[[ Data, beginning ]]

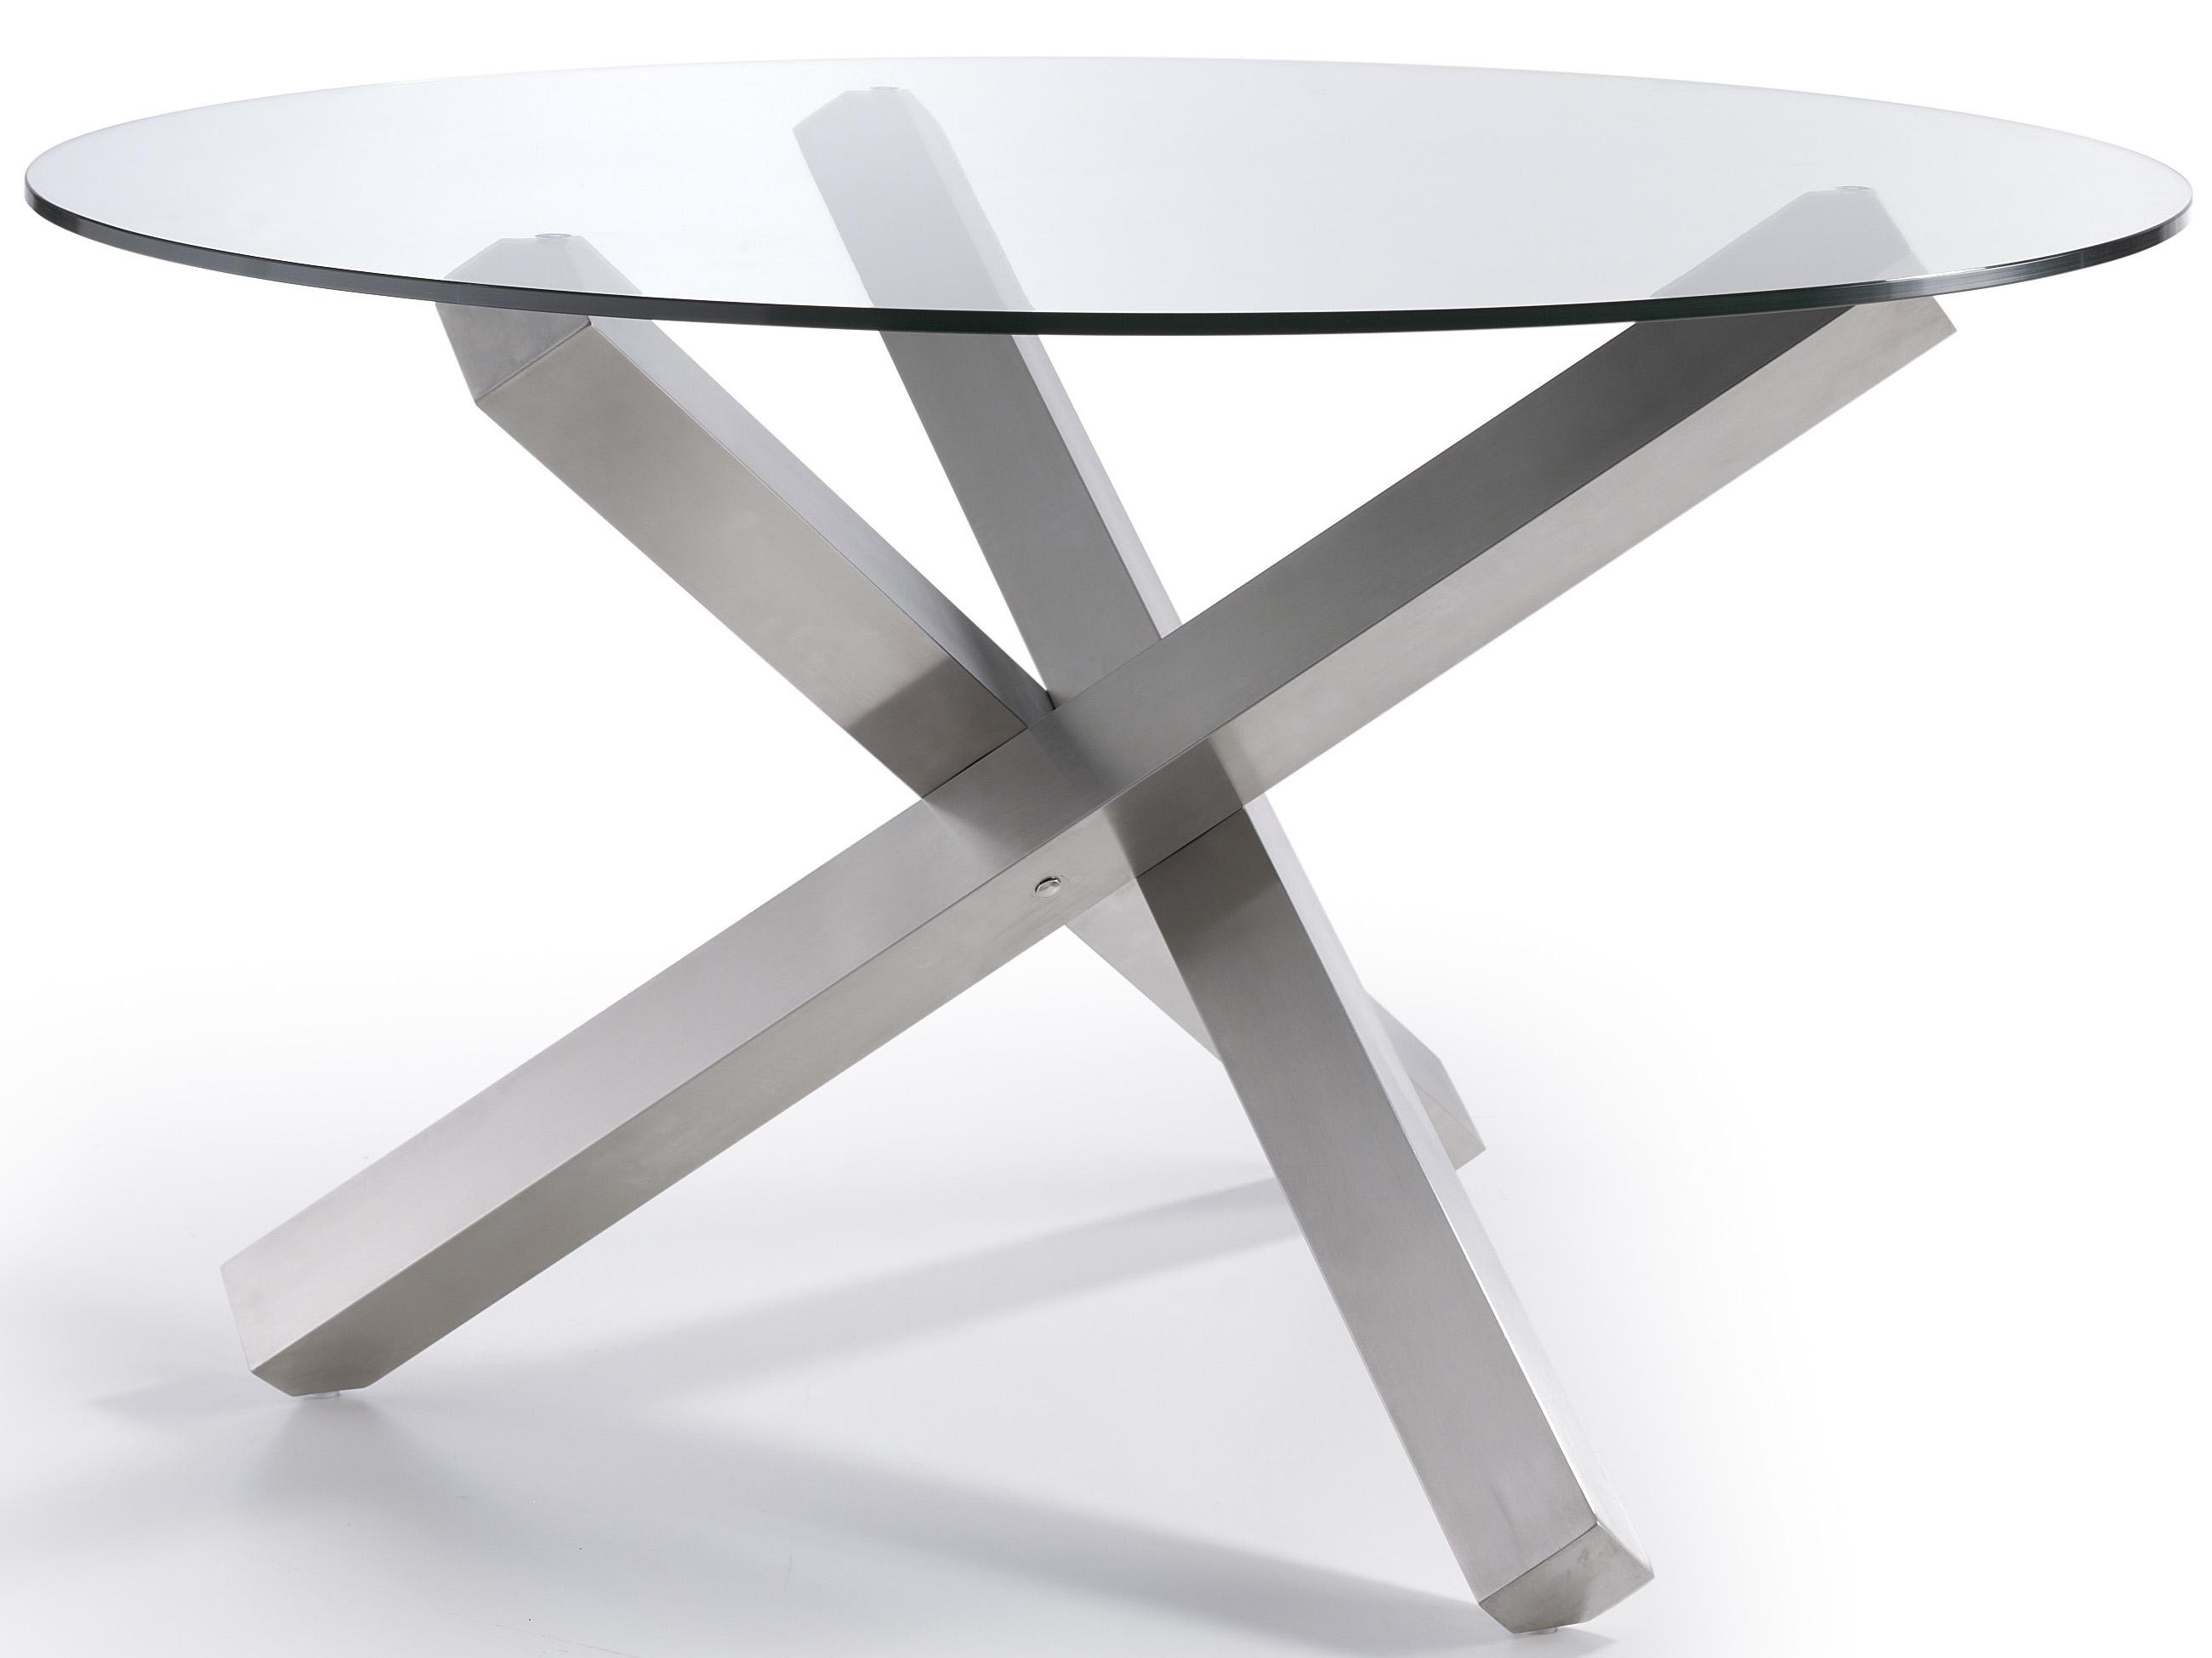 table ronde acier inoxydable poli et verre tremp croiza dimensions d 110 x h 76 cm. Black Bedroom Furniture Sets. Home Design Ideas
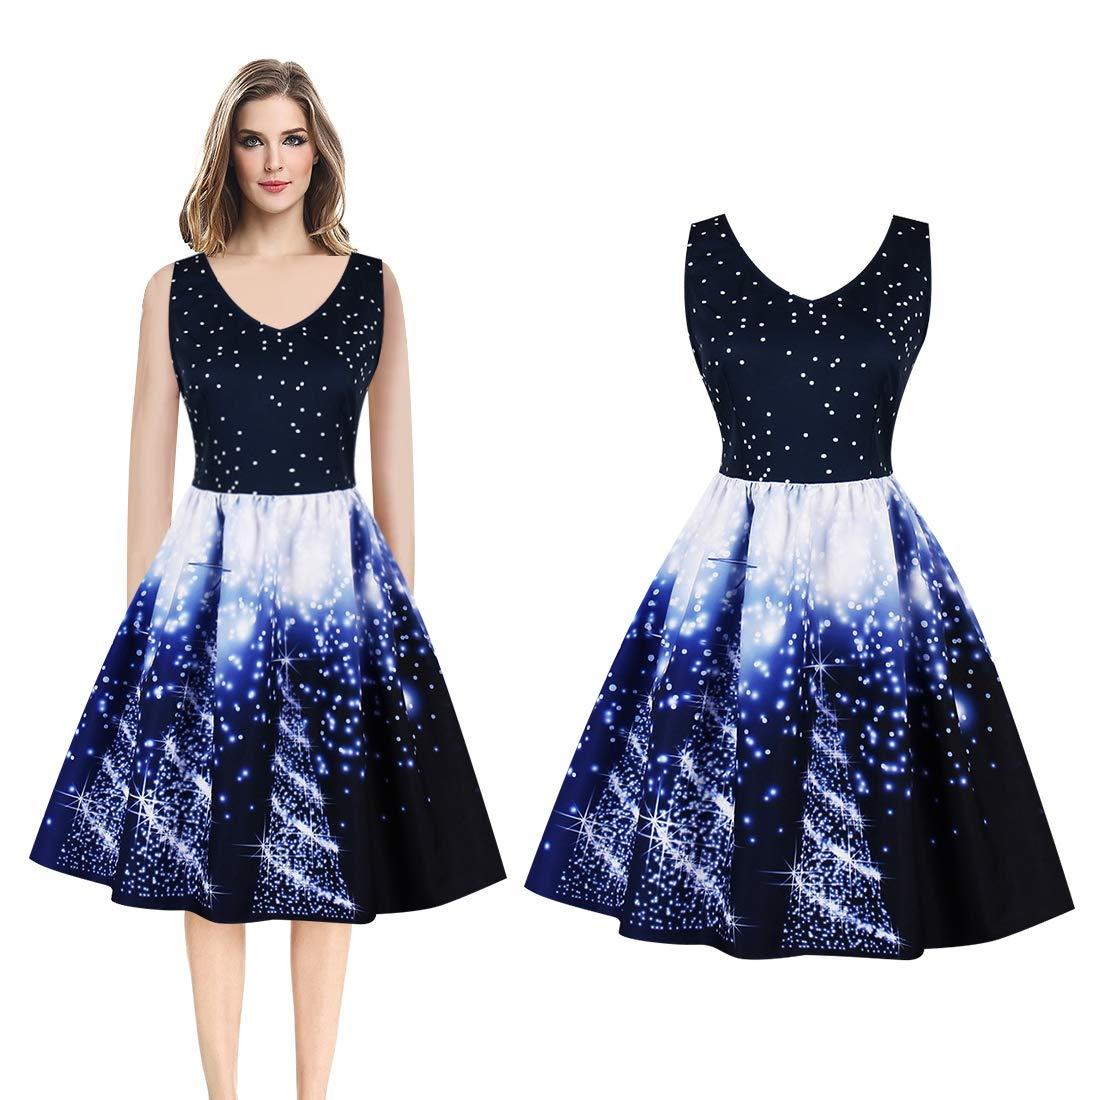 20ba65130f1b Vintage Dress, Elegant Starry Sky Printing Women V-Neck Sleeveless Empire  Waist Pleated Dress at Amazon Women's Clothing store:
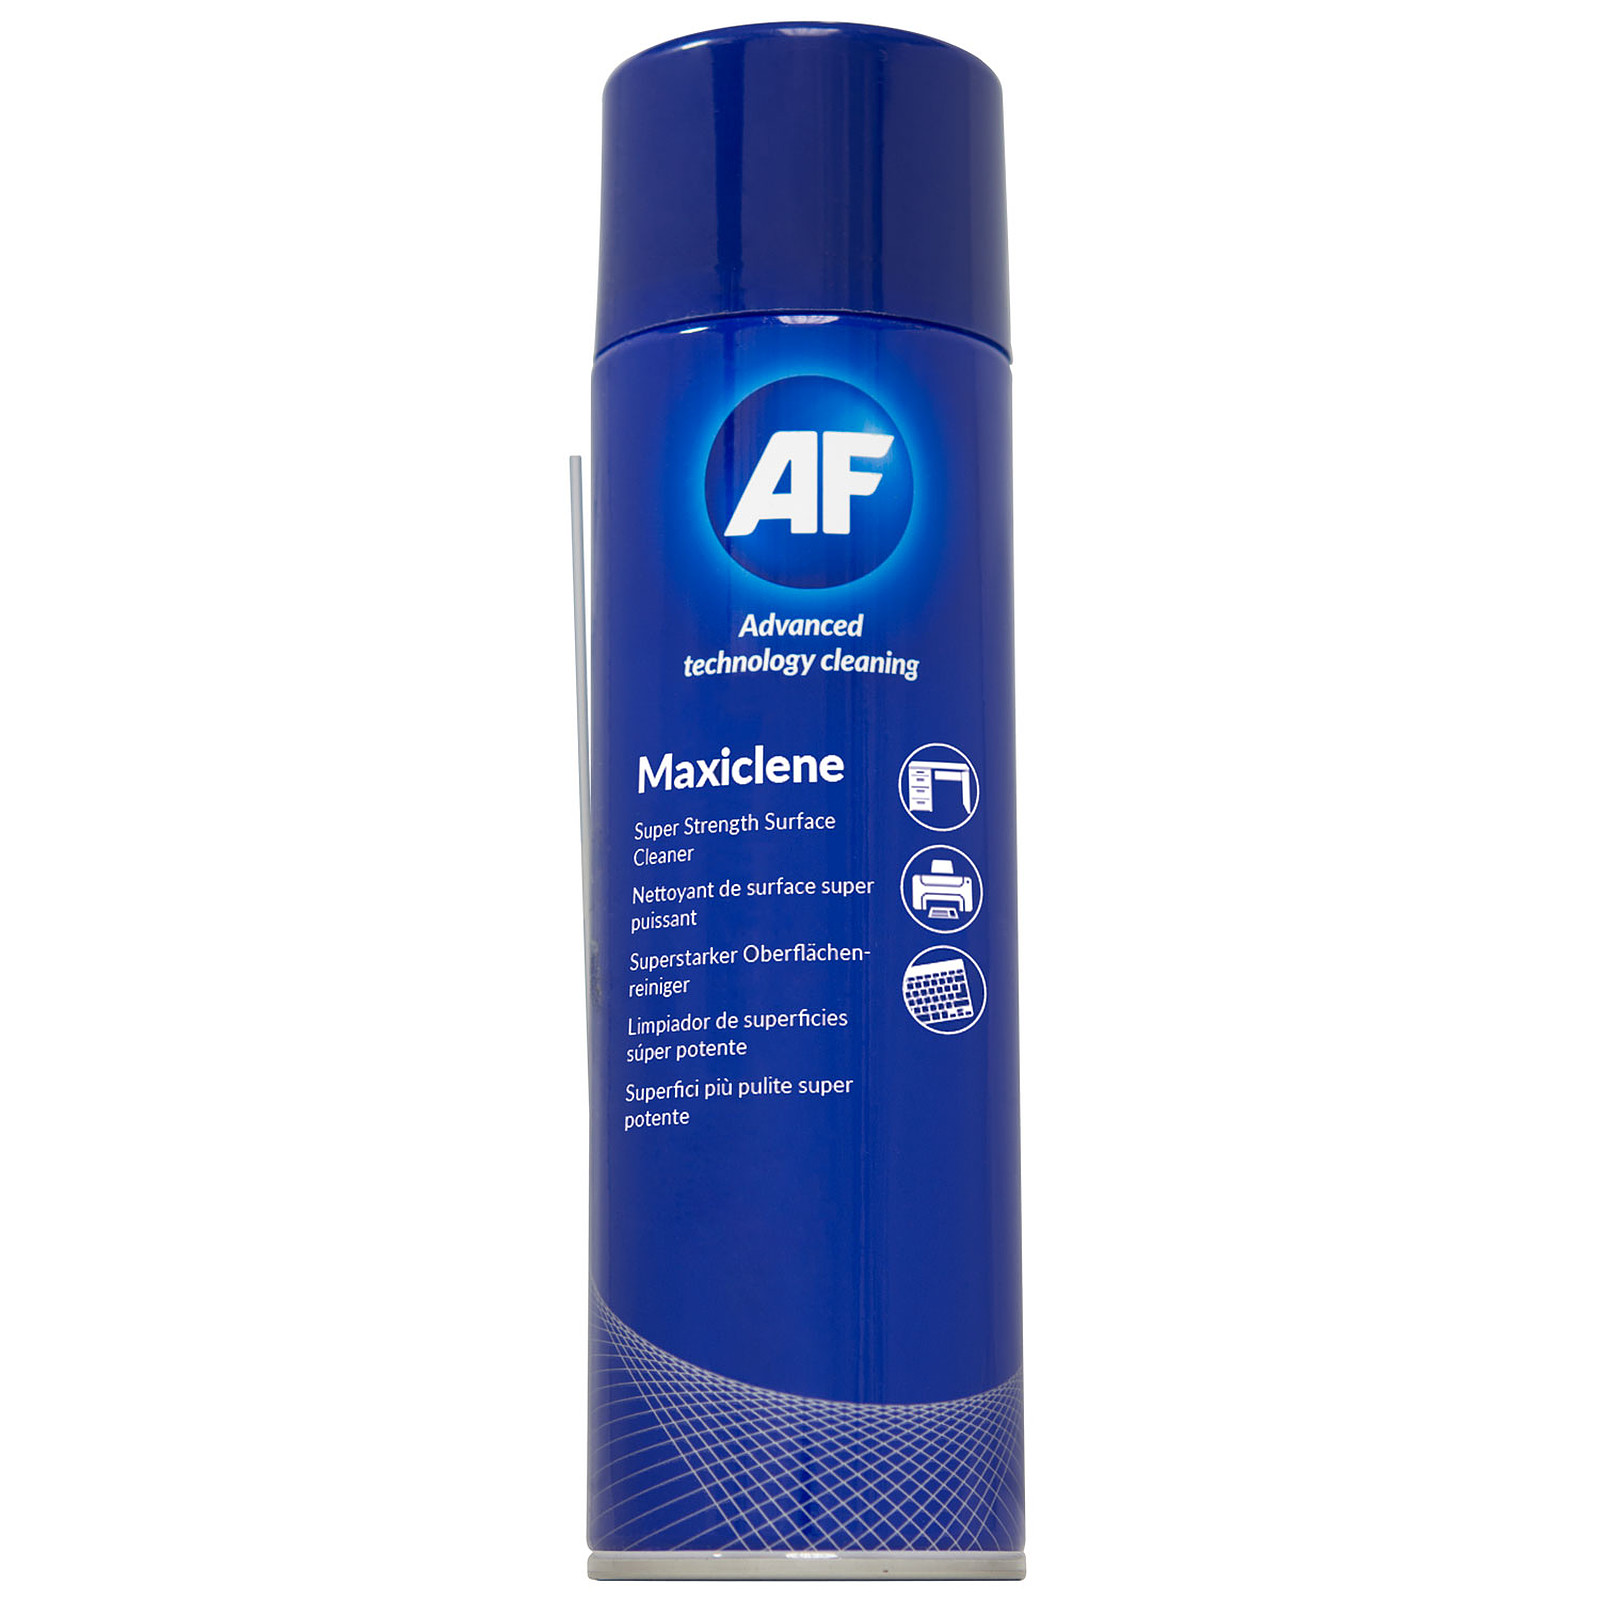 AF Maxiclene (MXL400)

[[ Data, end ]]

Activity
Set down all of the data word for word; no pictures belong in it.

Output
 table ronde acier inoxydable poli et verre tremp croiza dimensions d 110 x h 76 cm. Black Bedroom Furniture Sets. Home Design Ideas
 20ba65130f1b Vintage Dress, Elegant Starry Sky Printing Women V-Neck Sleeveless Empire  Waist Pleated Dress at Amazon Women's Clothing store:
 AF Maxiclene (MXL400)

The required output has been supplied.